The Bank of Japan (BOJ) has raised short-term interest rates to 0.5%, the highest level in 17 years. While this move was anticipated, the currency market responded with a significant strengthening of the yen, with USD/JPY falling by approximately 0.6%.
At a press conference, BOJ Governor Ueda stated that there is no predetermined course for future rate adjustments. Meanwhile, media reports cite analysts’ opinions suggesting that the rate could be raised again before the end of 2025.

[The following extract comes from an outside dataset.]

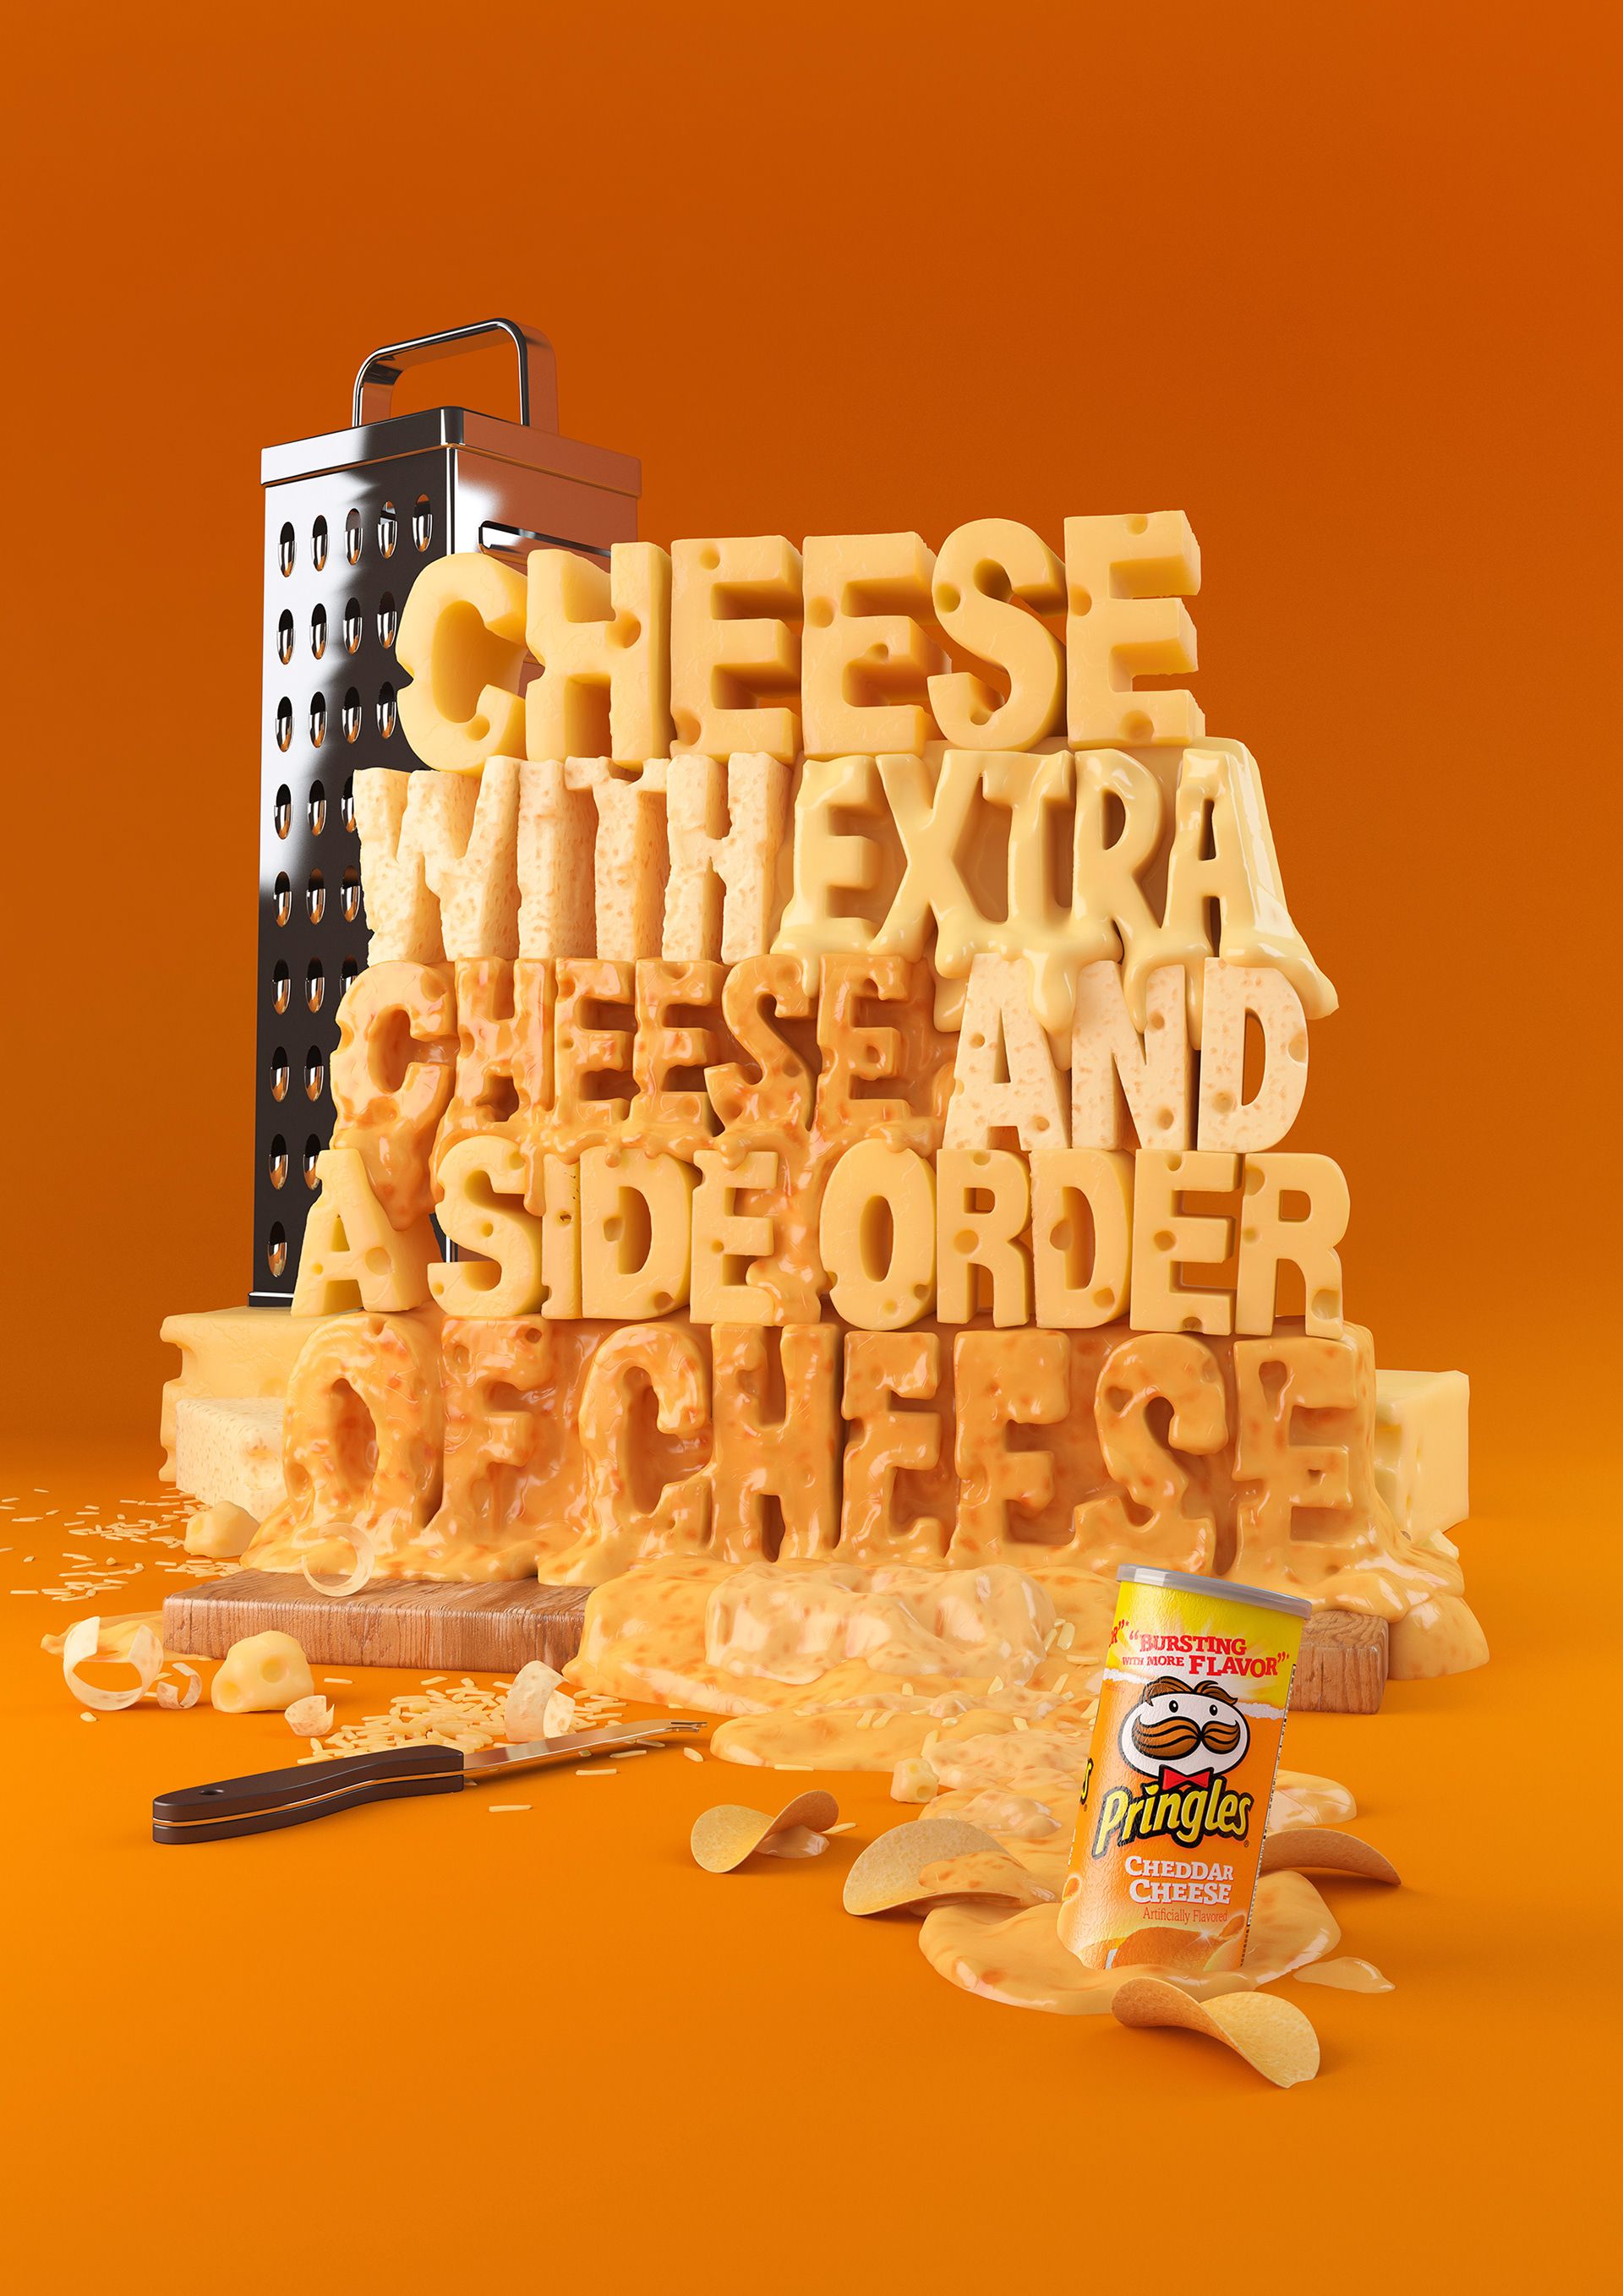 Pringles ad with cheese

Technical analysis of the USD/JPY chart shows the formation of a descending channel (highlighted in red) at the start of 2025. The news of the rate hike enabled bears to launch another attack on the psychological level of 155 yen per dollar—a level that had previously served as support earlier this month. As of the morning of 24 January, bulls are managing to defend this level, but how long can they hold out if bearish pressure persists?
Key points to note:
→ The USD/JPY trend resembles a rounding-top pattern.
→ The yen’s strength is also supported by the dollar’s weakness, influenced by some uncertainty surrounding the introduction of international trade tariffs promised by US President Trump.
Today, at 17:45 GMT+3, the Purchasing Managers’ Index (PMI) figures will be released, potentially triggering heightened volatility in financial markets.